Partition of the edges of a $4$-regular graph 
The edges of every $4$-regular non-directed graph can be divided into two sets, so that removing any vertex with its edges removes two edges from one set and two edges from the other.

Could someone please help me understand why this is the case?
 A: Since the degree of each vertex is 4 (even), there exists an Euler circuit.  Pick one and a starting-ending vertex, $S$.  Label the first edge you traverse as you trace out the Euler circuit $a$, the second edge you traverse $b$, the third edge you traverse $a$, the fourth edge you traverse $b$, and continue labeling edges in this manner until you complete the circuit and get back to $S$.
By the Degree Sum Formula, $\Sigma d(v) = 2e$, so $e=\frac{\Sigma d(v)}{2} = \frac{4v}{2} = 2v$ (where $v$ is the number of vertices and $e$ is the number of edges).  So there are an even number of edges and the last edge we traverse must be labelled $b$.

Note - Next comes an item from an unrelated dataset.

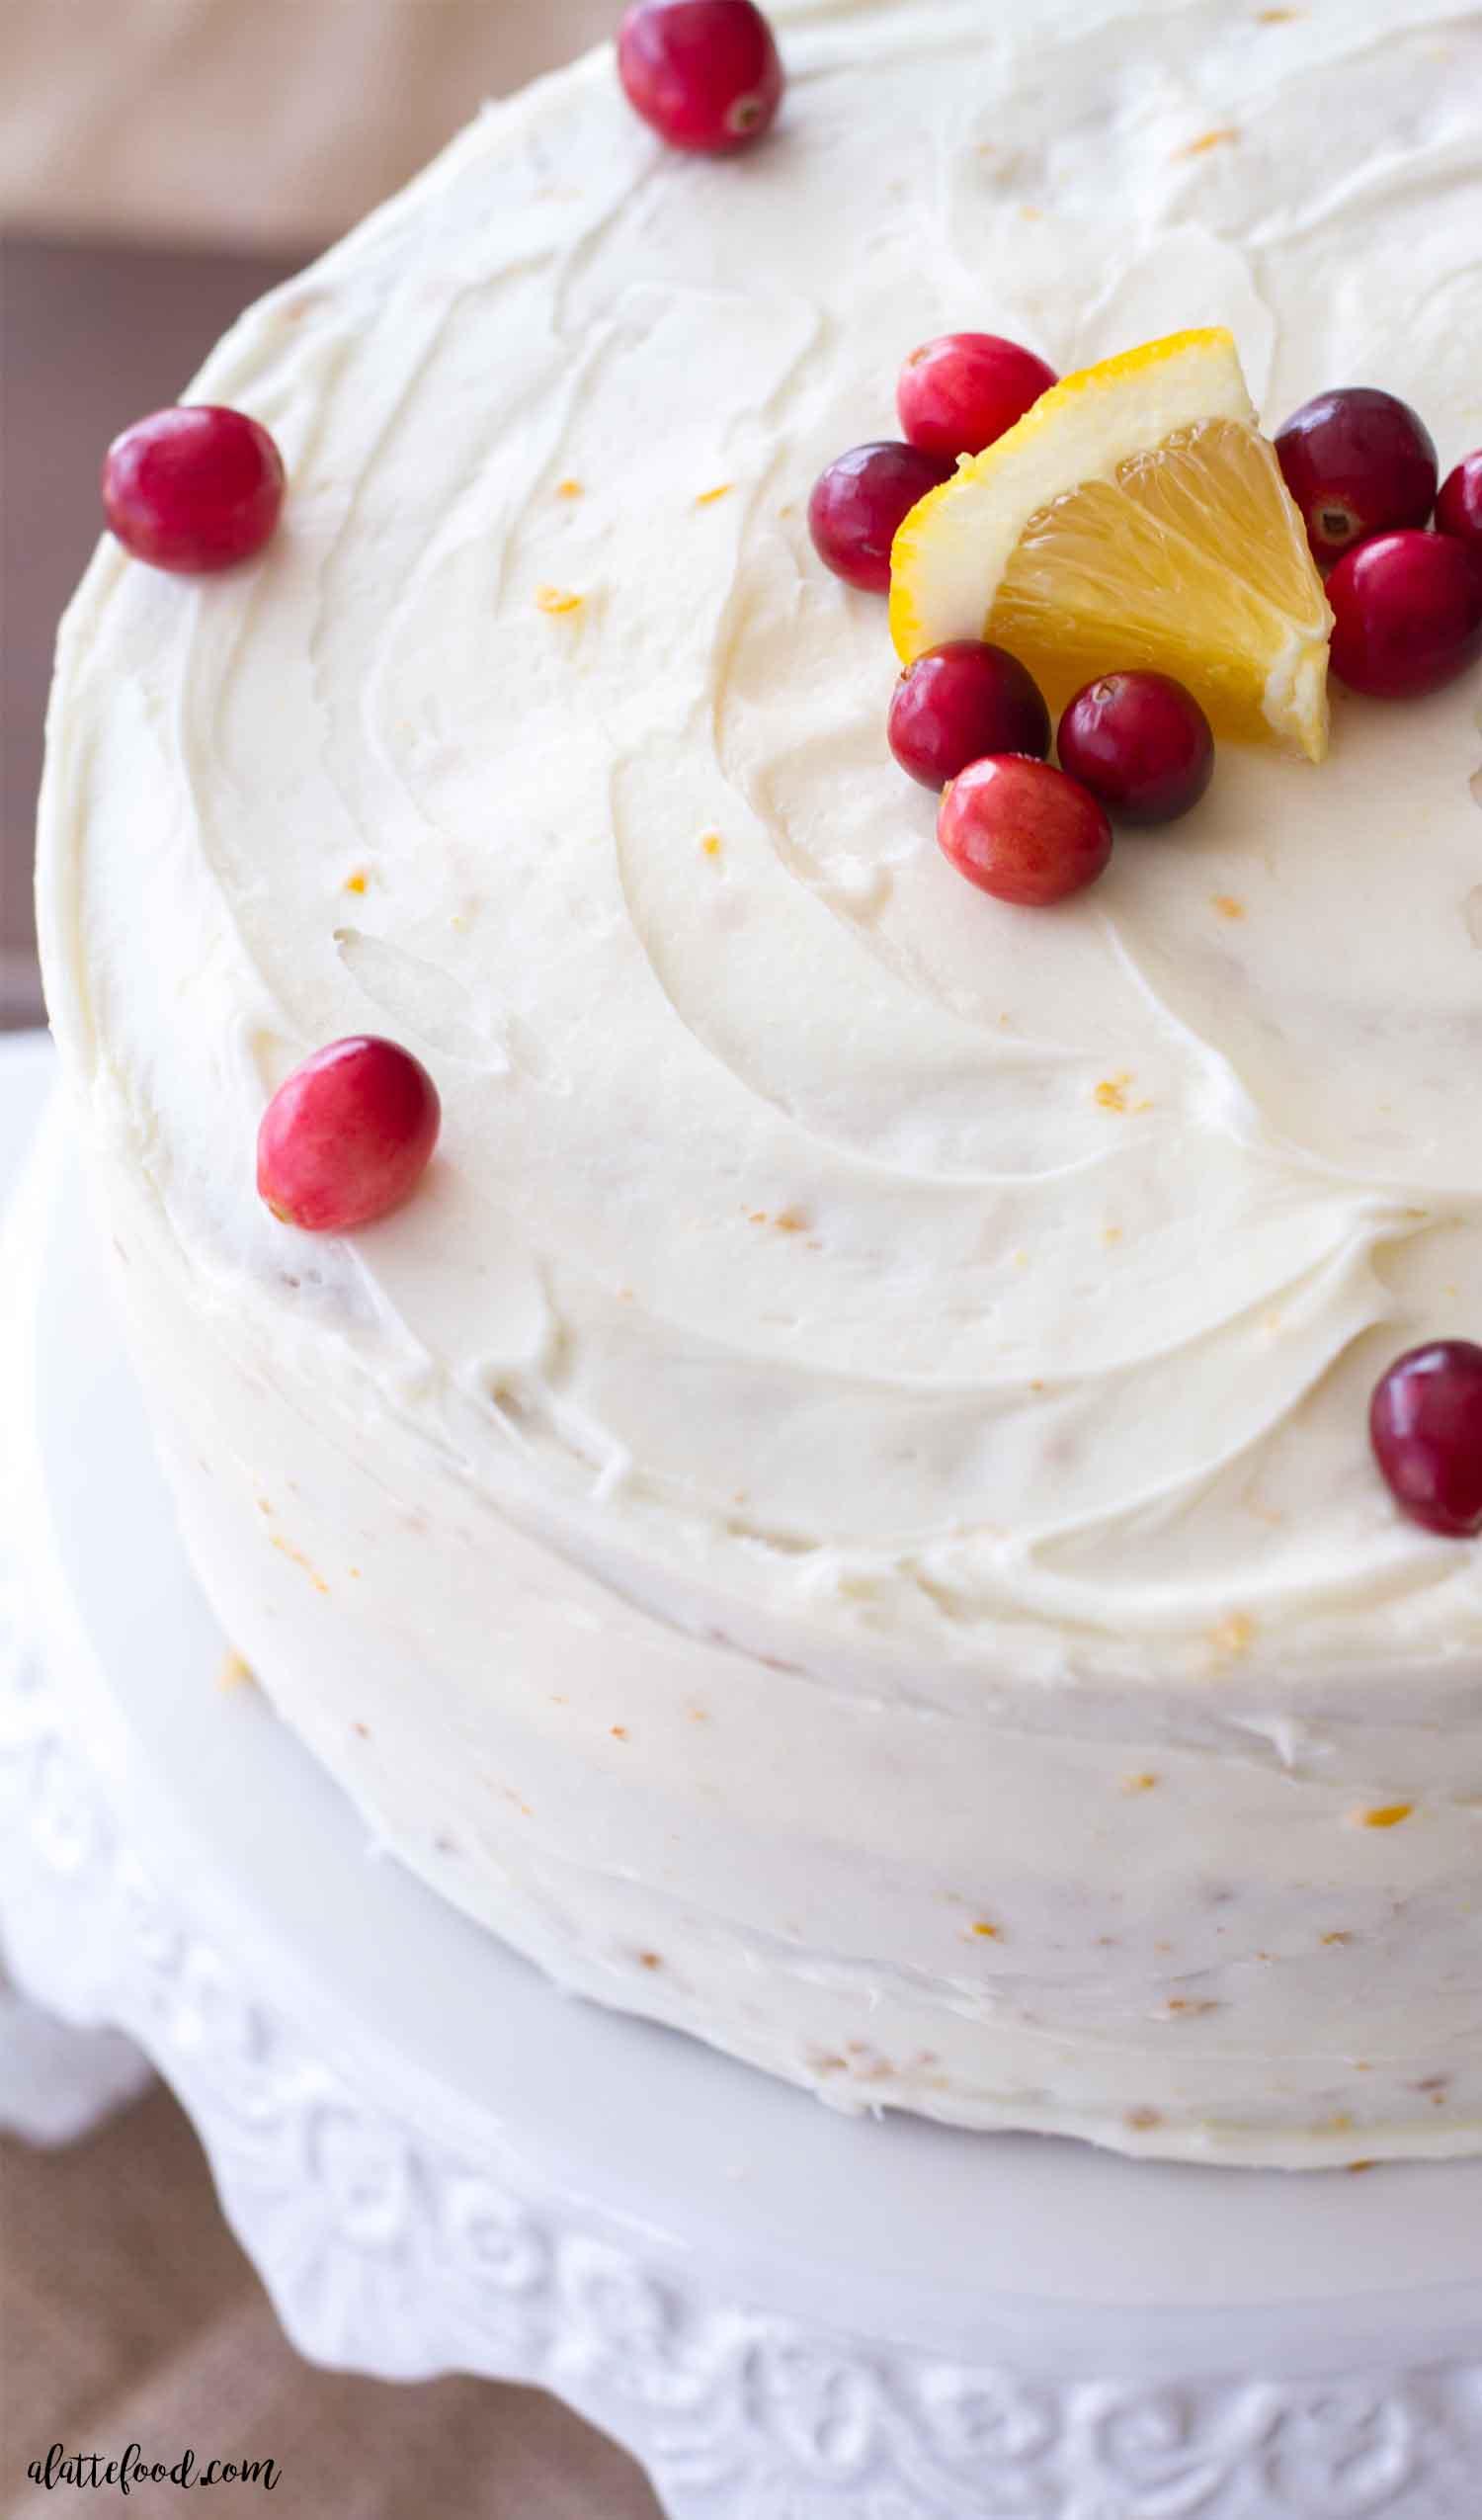 Forum on this topic: Cranberry-Vanilla Cake with Whipped Cream Frosting, cranberry-vanilla-cake-with-whipped-cream-frosting/
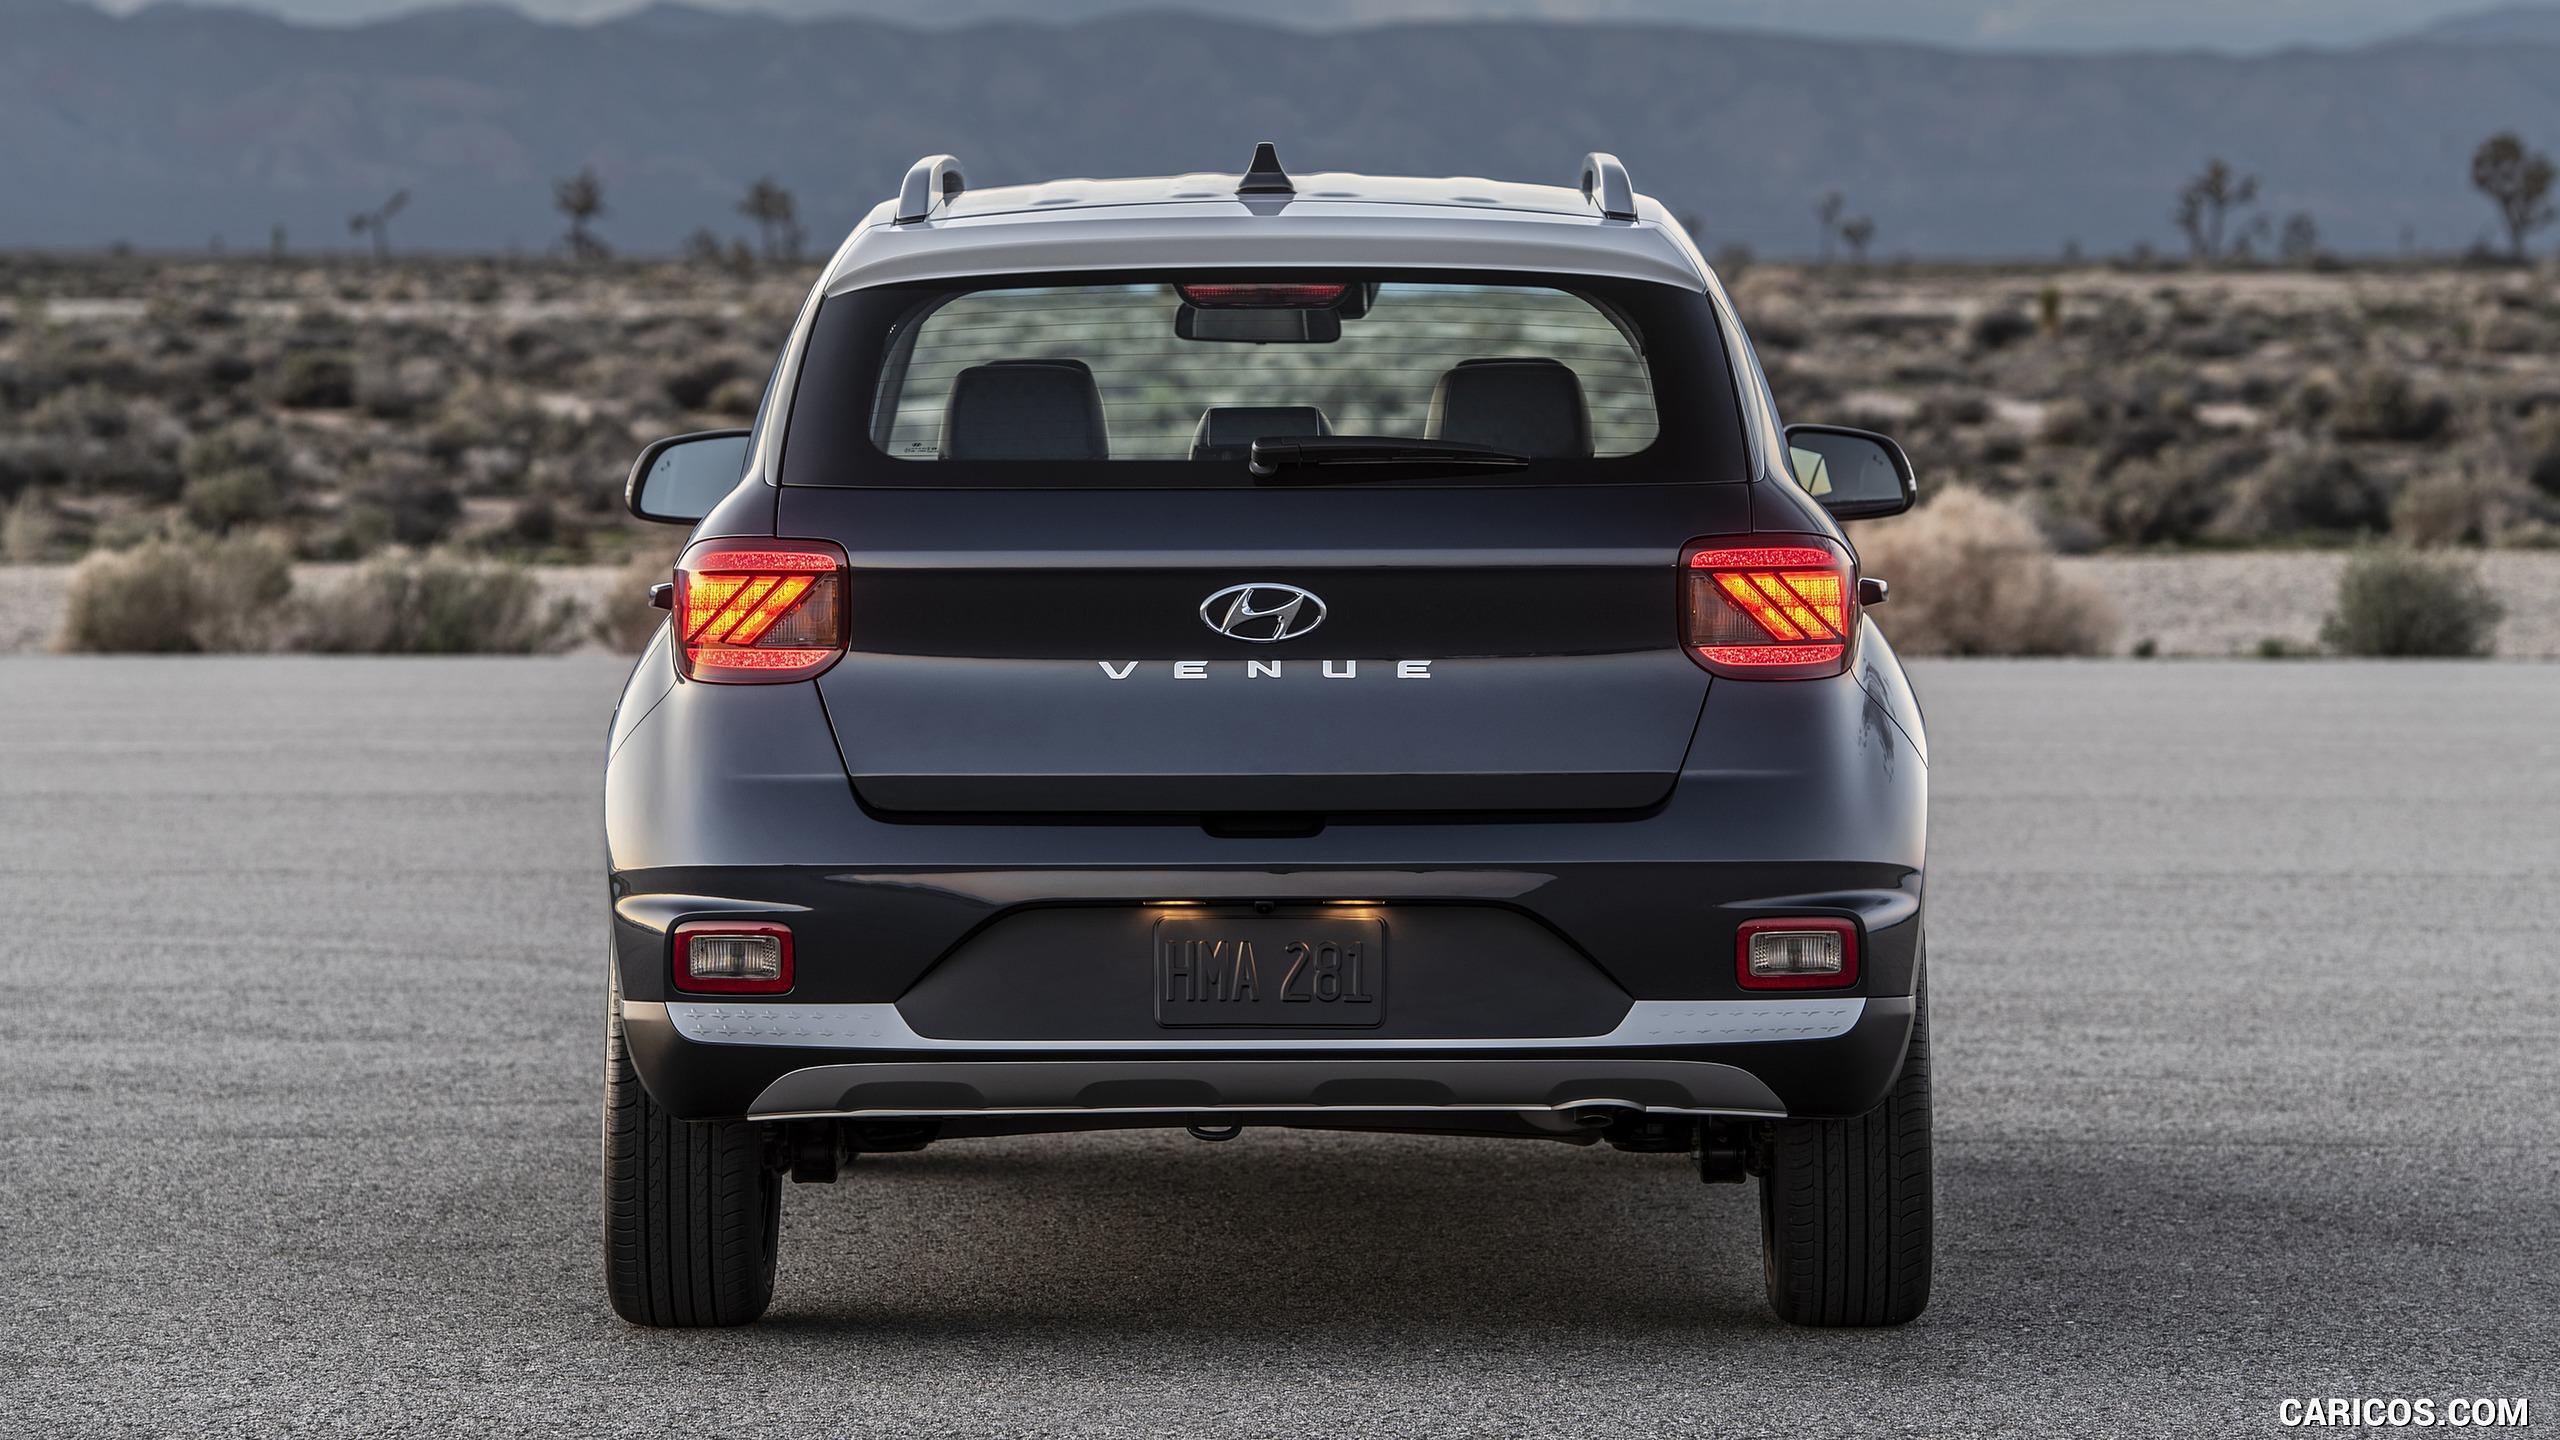 2020 Hyundai Venue   Rear HD Wallpaper 13 2560x1440

Now, pick a vertex that is not the starting-ending vertex $S$. Following the Euler circuit we must arrive at that vertex along an edge labelled $a$ and then immediately depart that vertex along an edge labelled $b$ (or vice-versa) and this must happen exactly twice at that vertex.  As such, removing that vertex and the edges incident to it will remove two edges labelled $a$ and two edges labelled $b$.
Similarly, for the starting-ending vertex $S$ the Euler circuit will depart $S$ by traversing an edge labelled $a$, arrive back at $S$ and then immediately depart $S$ along edges labelled $a$ and $b$ (or vice-versa), and finally return back to $S$ along an edge labelled $b$.  So again, removing $S$ and the edges incident to it will remove two edges labelled $a$ and two edges labelled $b$.